Problem description> Write out exactly, and only, the lines below from the line with "Dataflow에서의 직접 모델 예측" through the line with "508 best organize"; pictures do not belong in the copy.

Data supplied>
══════════

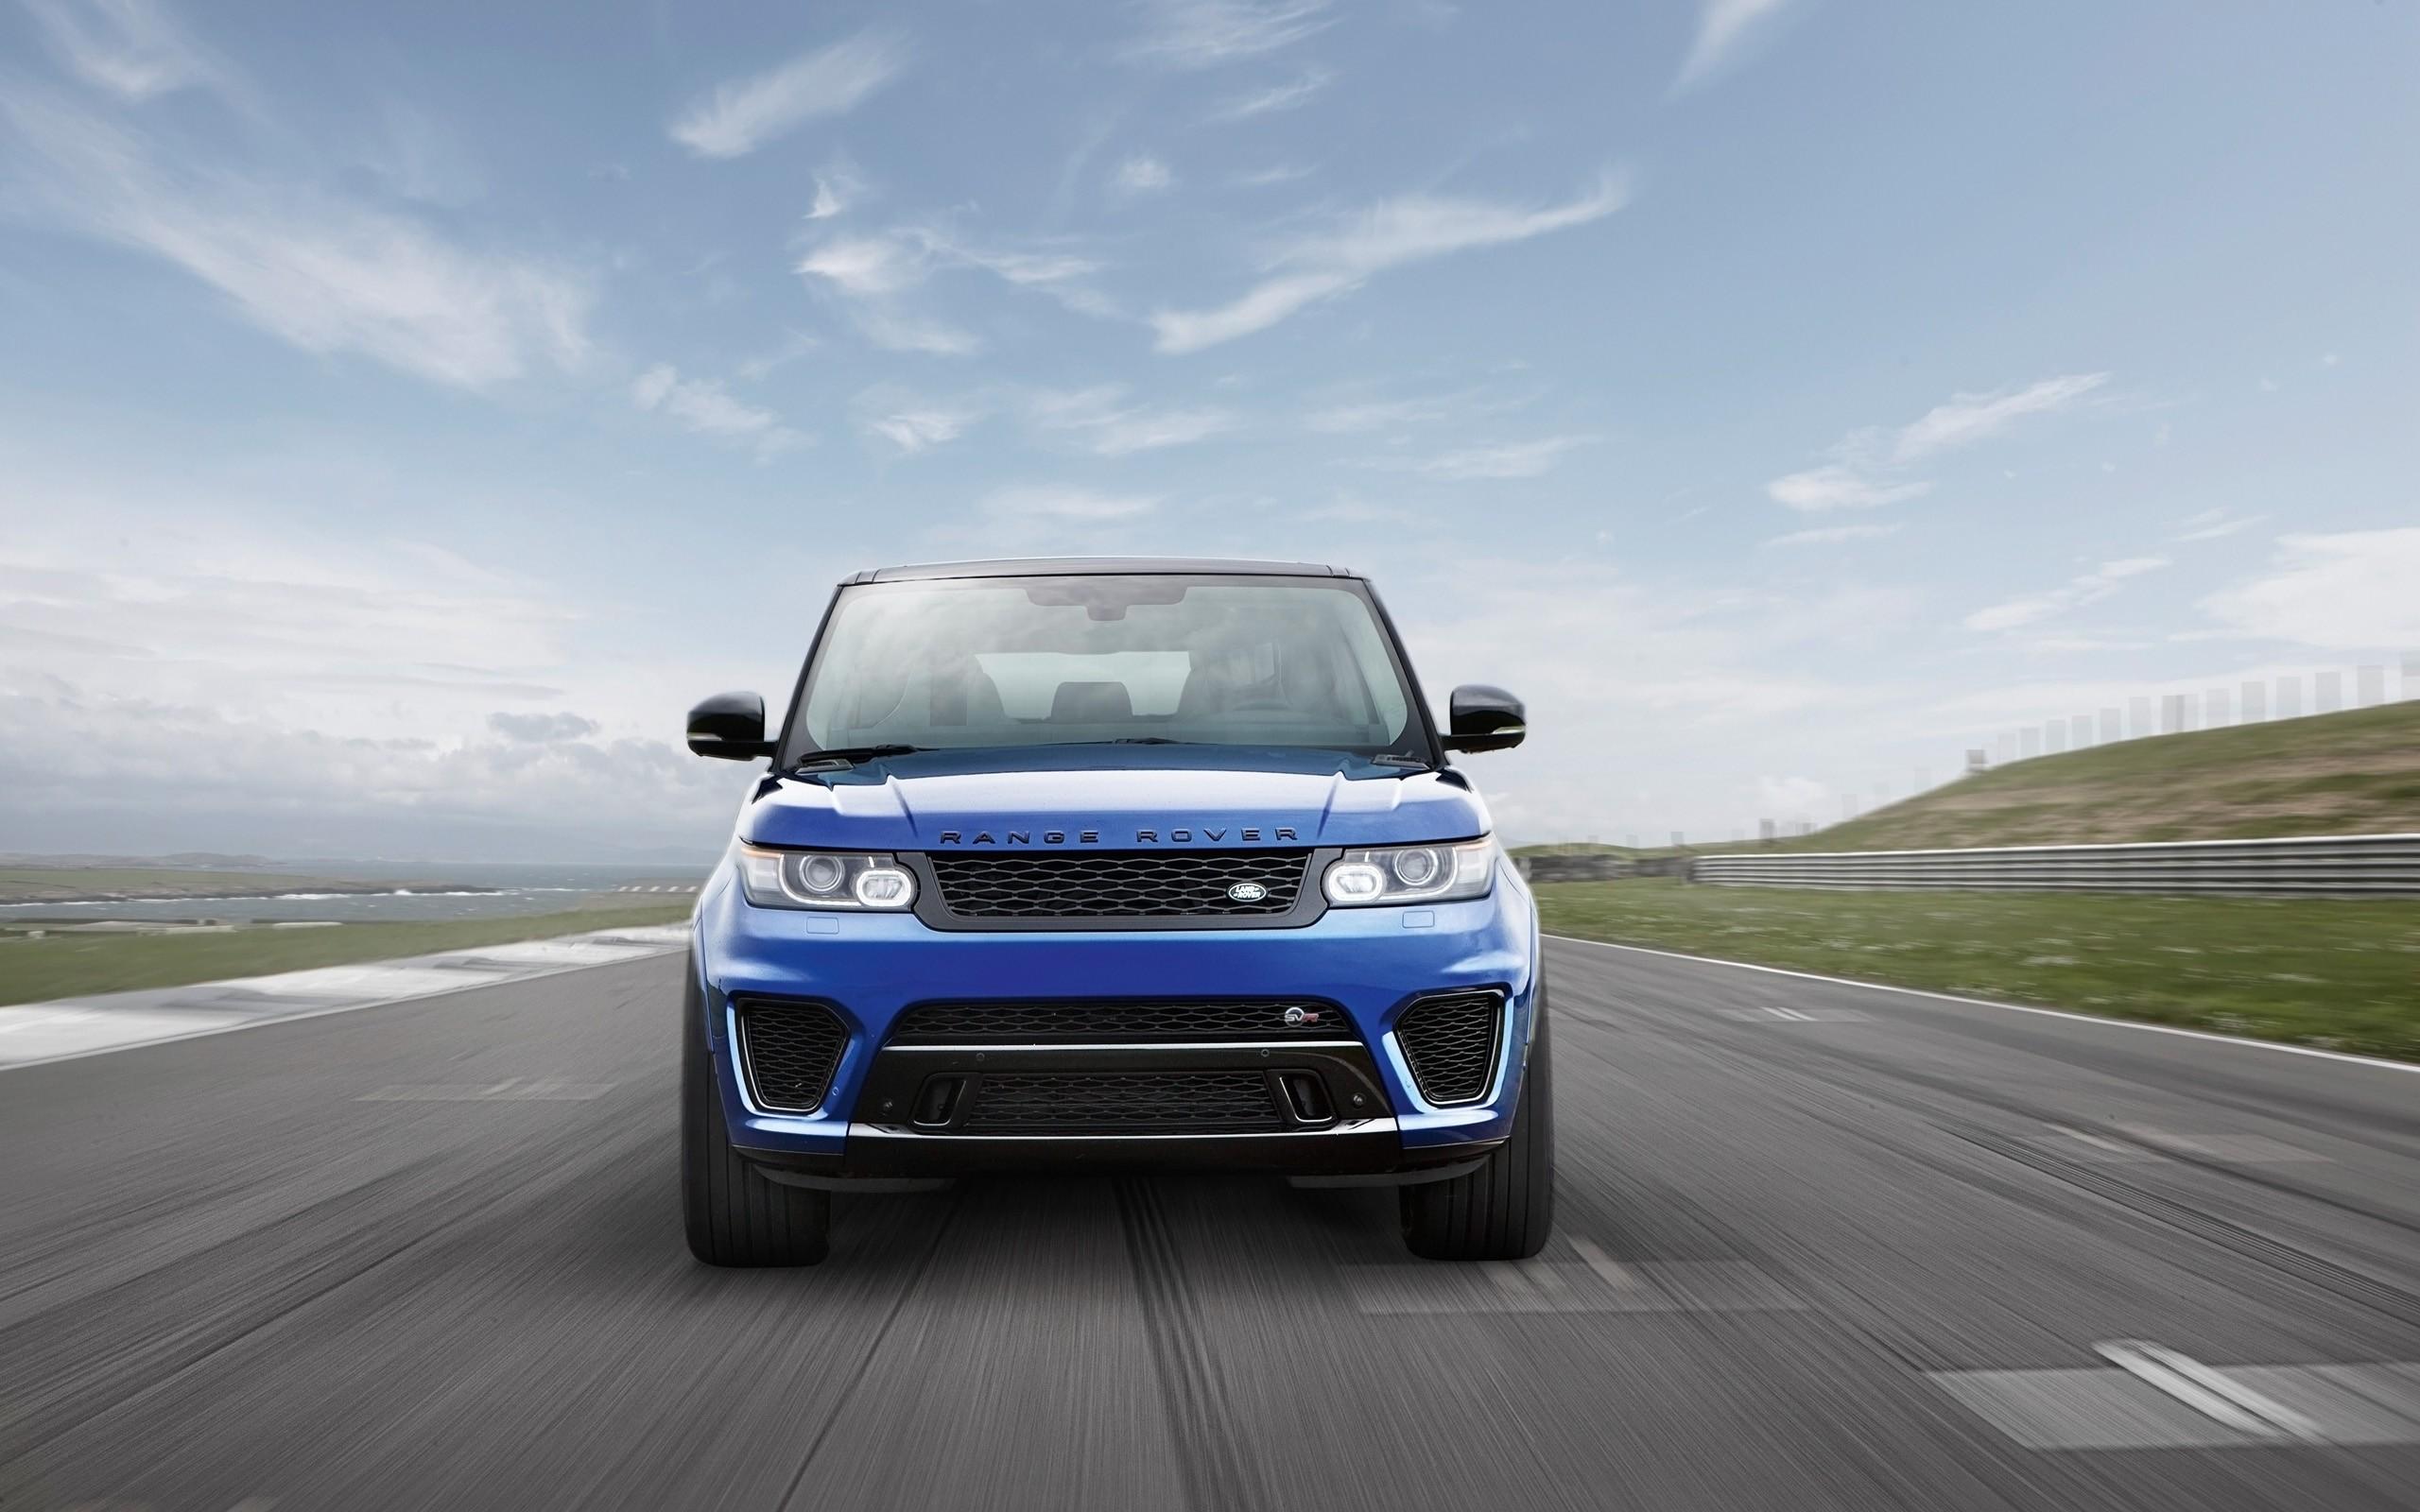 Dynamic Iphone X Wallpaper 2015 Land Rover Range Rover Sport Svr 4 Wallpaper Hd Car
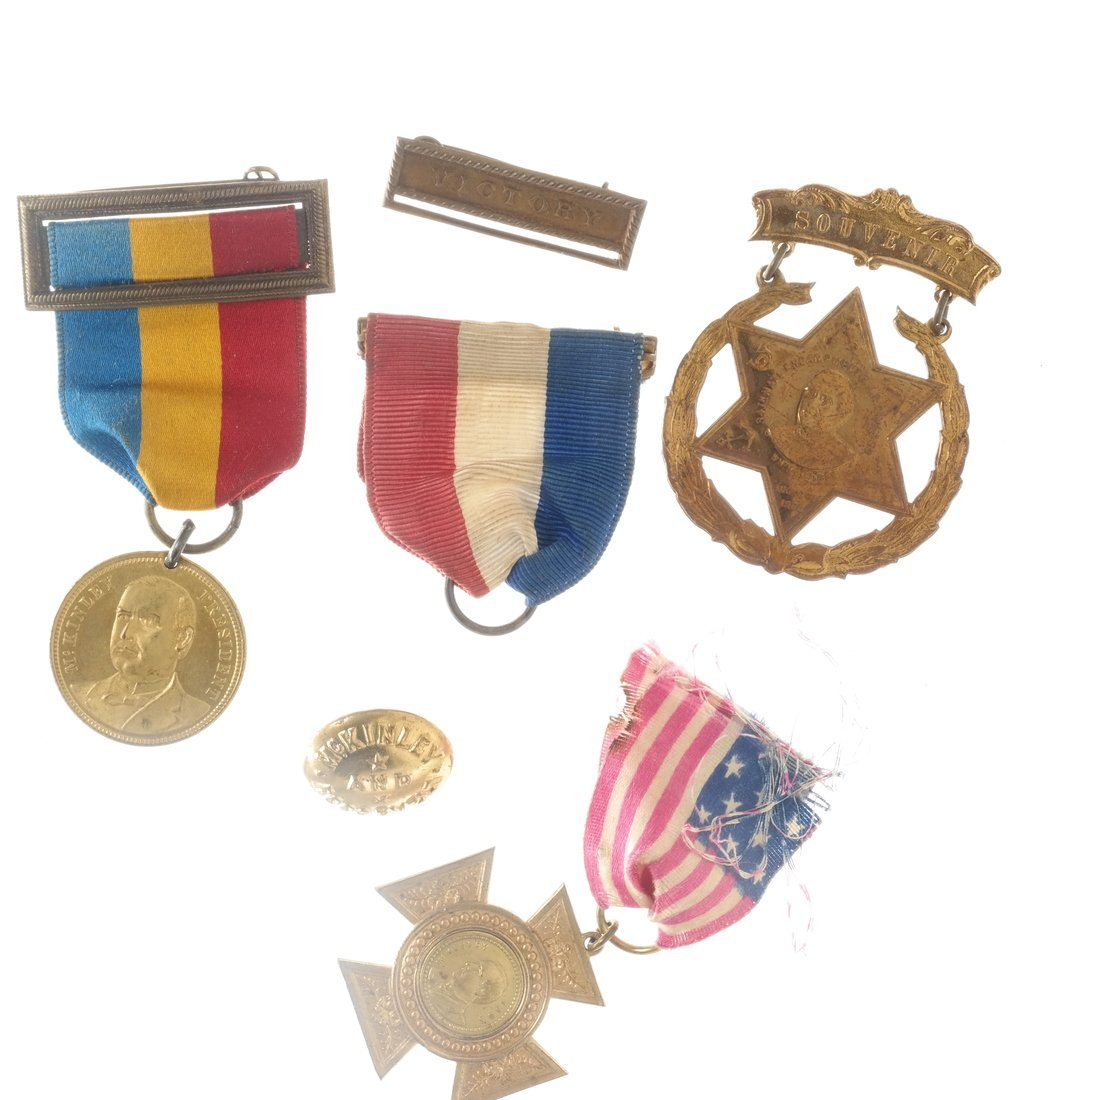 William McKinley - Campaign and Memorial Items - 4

══════════

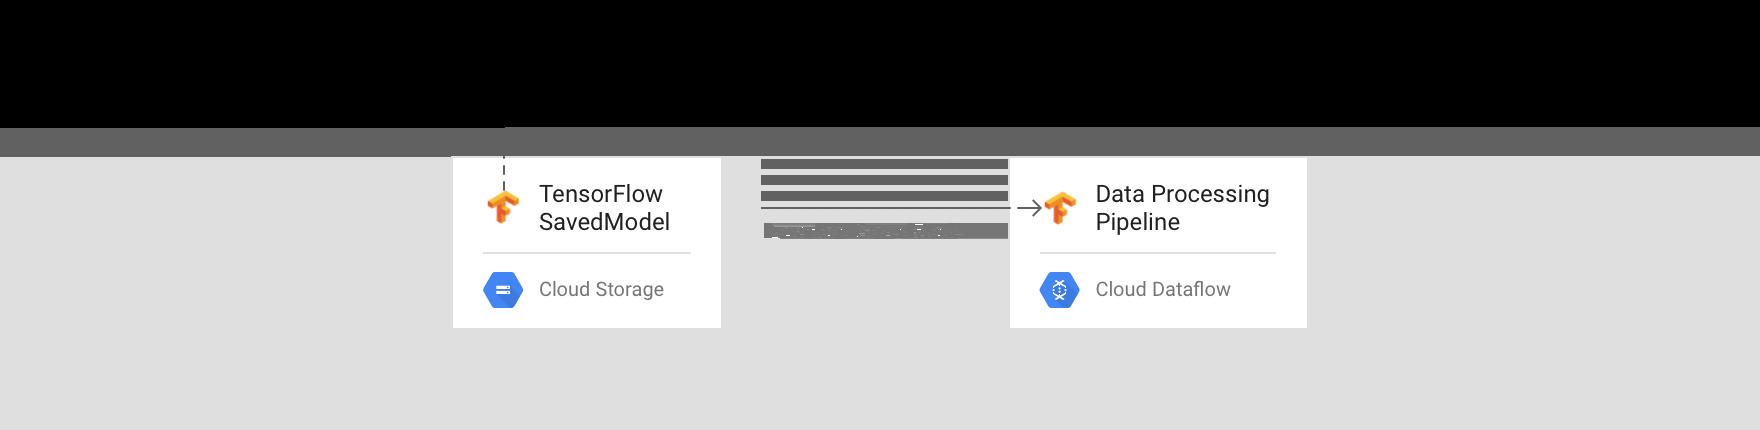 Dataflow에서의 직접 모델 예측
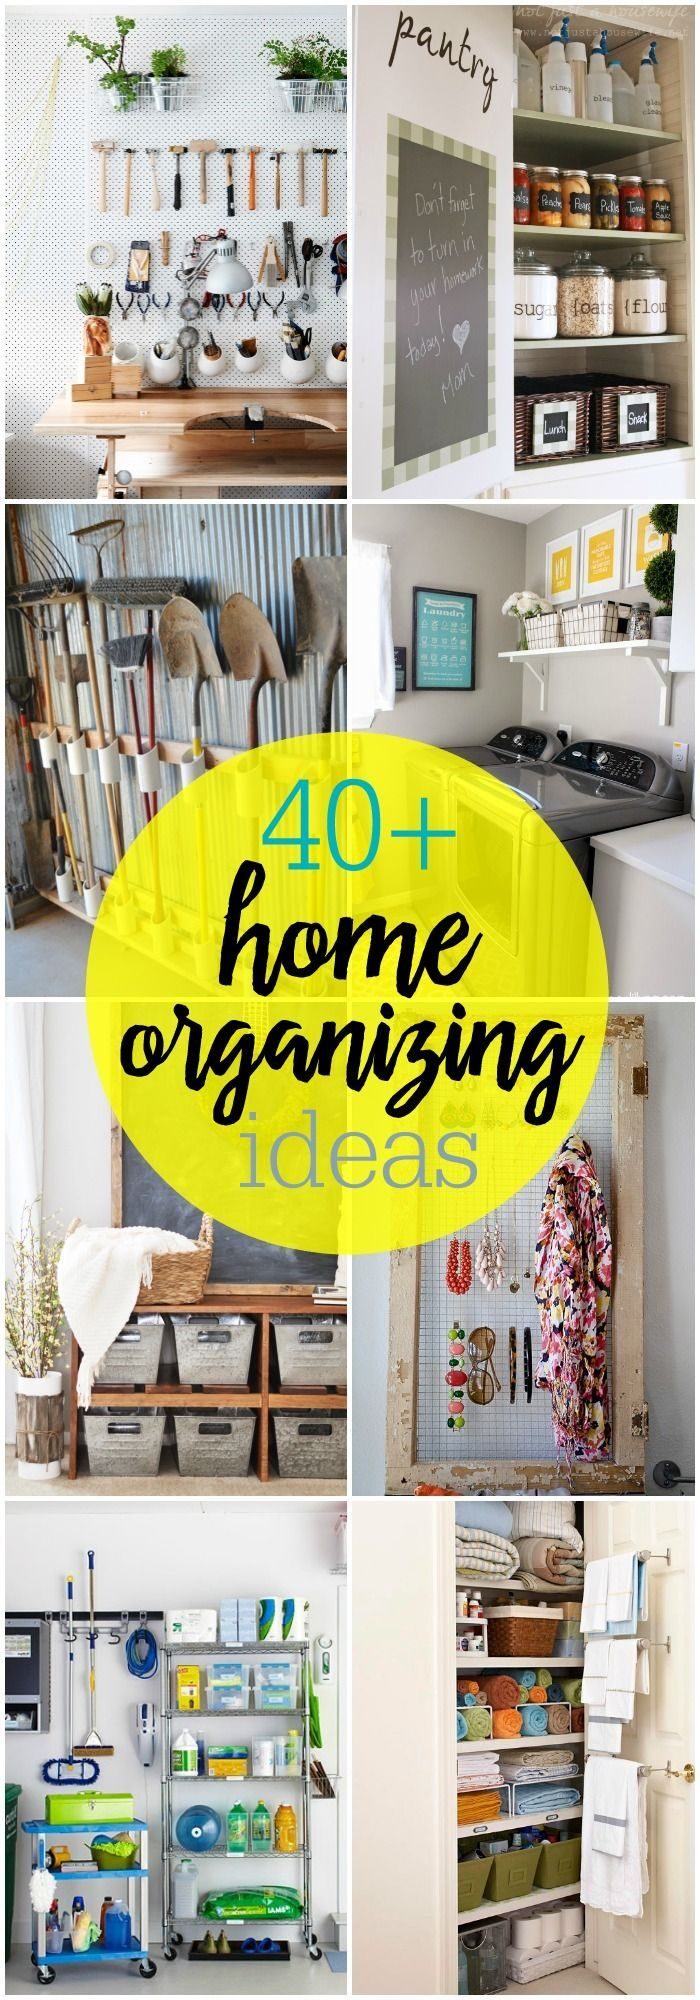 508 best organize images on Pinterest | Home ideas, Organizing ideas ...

══════════

Written answer>
 Dataflow에서의 직접 모델 예측
 508 best organize images on Pinterest | Home ideas, Organizing ideas ...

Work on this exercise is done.